[Records supplied]:
=== Section Start ===

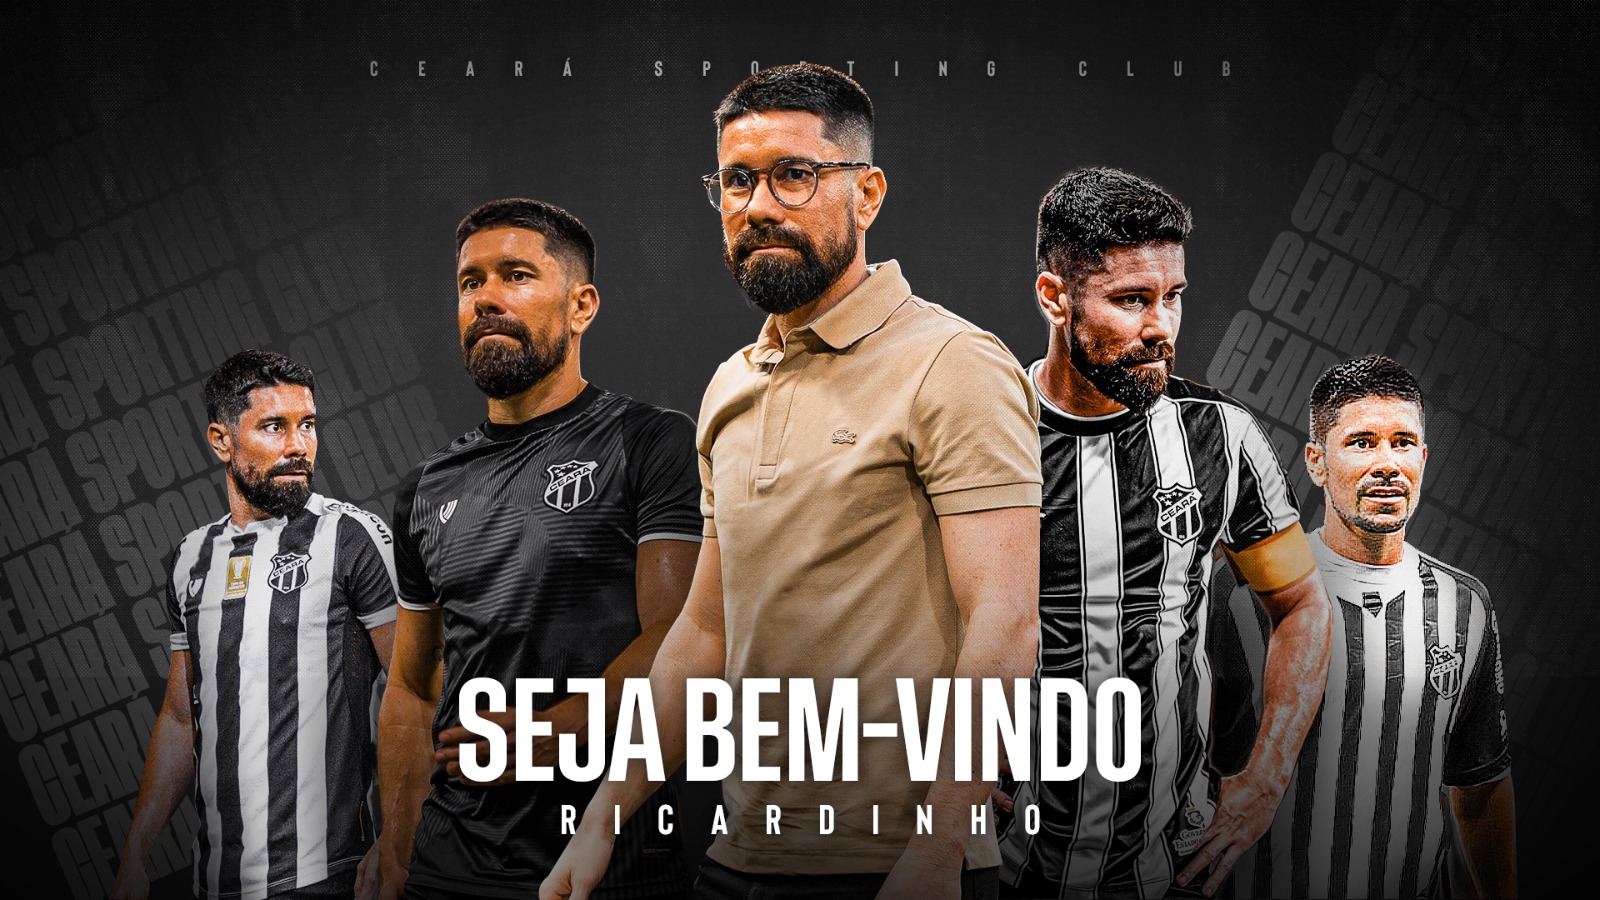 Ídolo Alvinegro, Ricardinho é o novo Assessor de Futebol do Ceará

=== Section End ===
=== Section Start ===

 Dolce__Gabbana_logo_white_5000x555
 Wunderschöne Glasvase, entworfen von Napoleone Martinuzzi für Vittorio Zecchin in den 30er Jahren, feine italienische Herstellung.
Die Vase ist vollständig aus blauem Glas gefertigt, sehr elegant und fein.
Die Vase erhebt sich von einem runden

=== Section End ===
=== Section Start ===

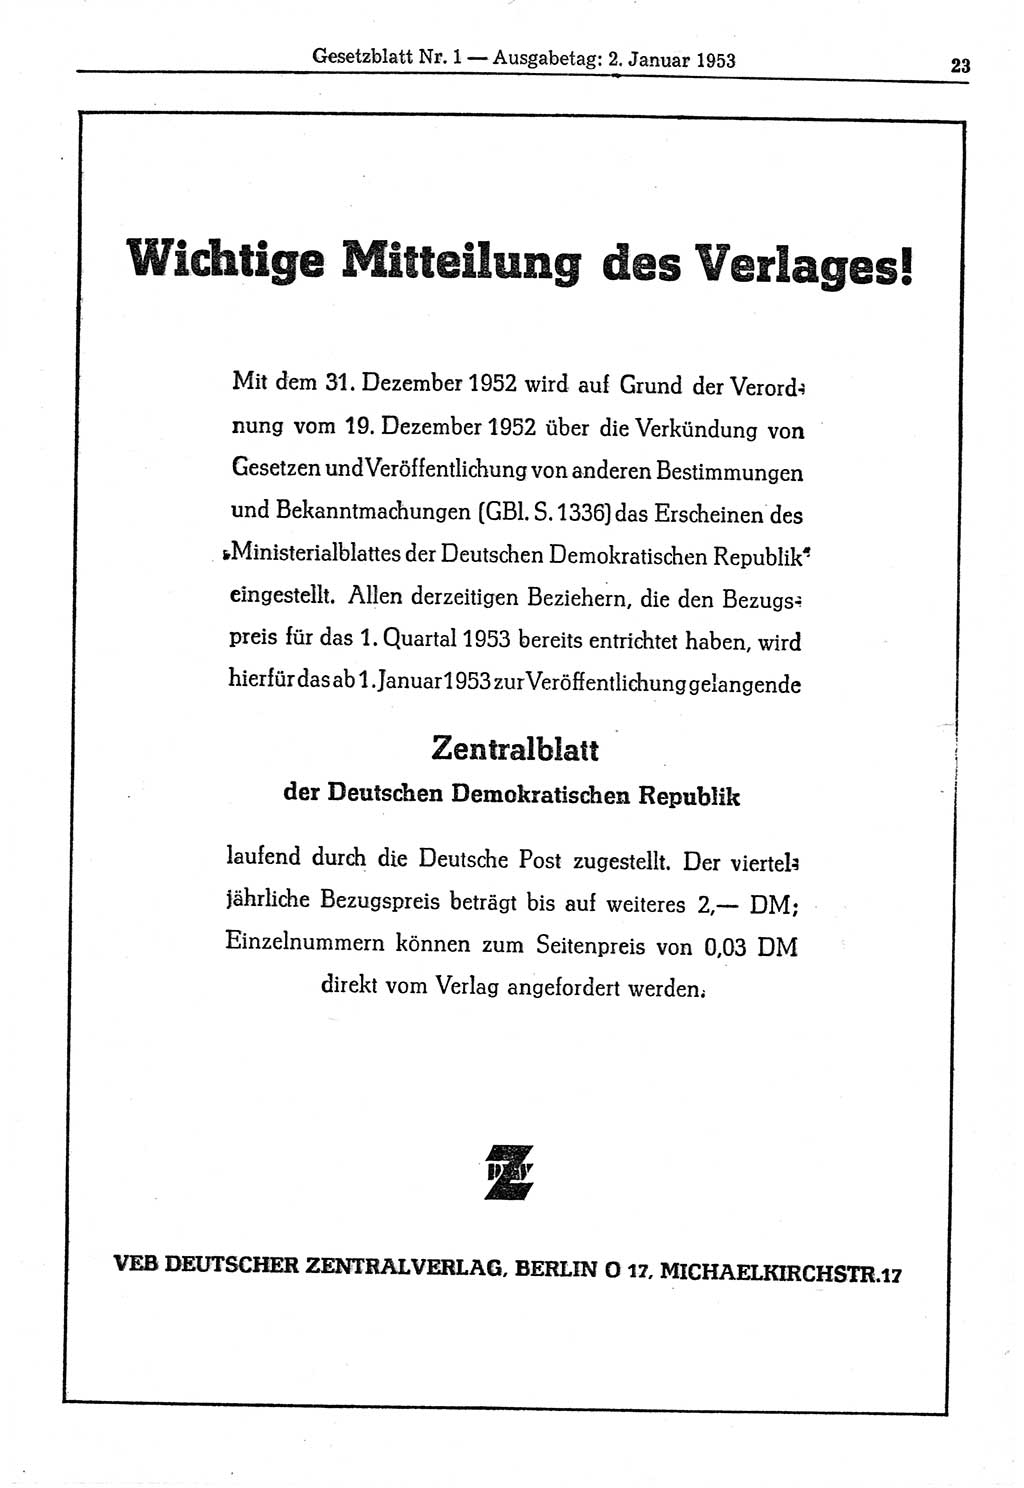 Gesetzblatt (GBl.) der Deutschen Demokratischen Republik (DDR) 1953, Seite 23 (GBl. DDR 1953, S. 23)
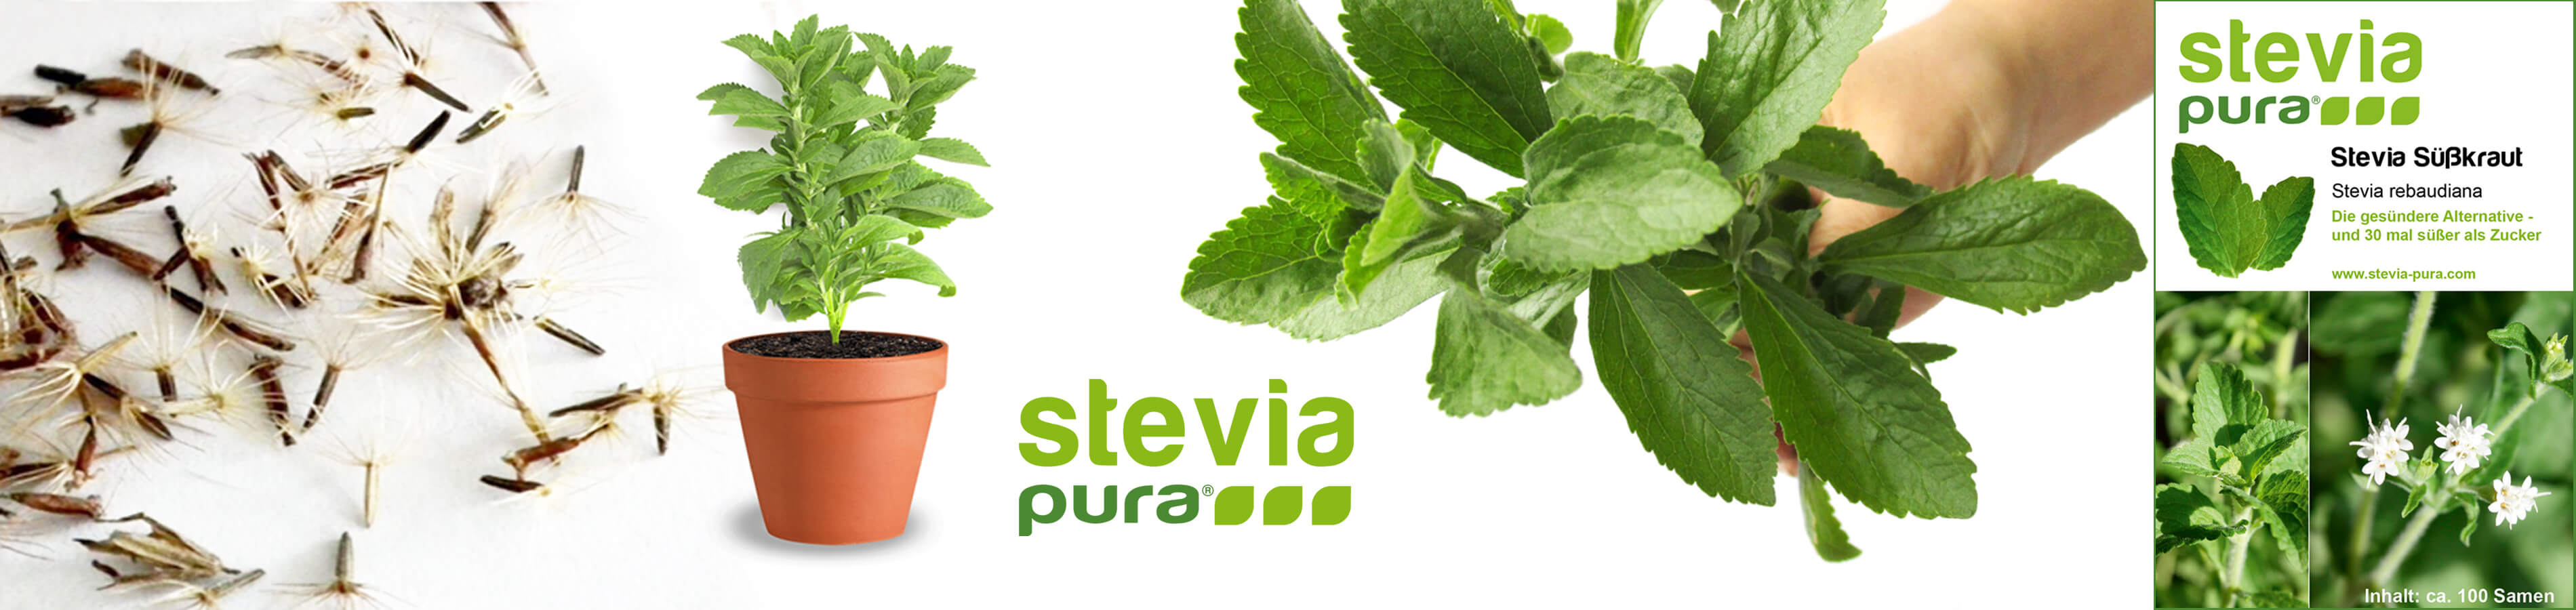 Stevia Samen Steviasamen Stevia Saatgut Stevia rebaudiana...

=== Section End ===

[Your objective]: In the listing above, locate the line containing "Die Vase ist" and the line containing "Die Vase erhebt sich von einem runden". Transcribe those two lines and everything between them, exactly as written.

[Result]:
Die Vase ist vollständig aus blauem Glas gefertigt, sehr elegant und fein.
Die Vase erhebt sich von einem runden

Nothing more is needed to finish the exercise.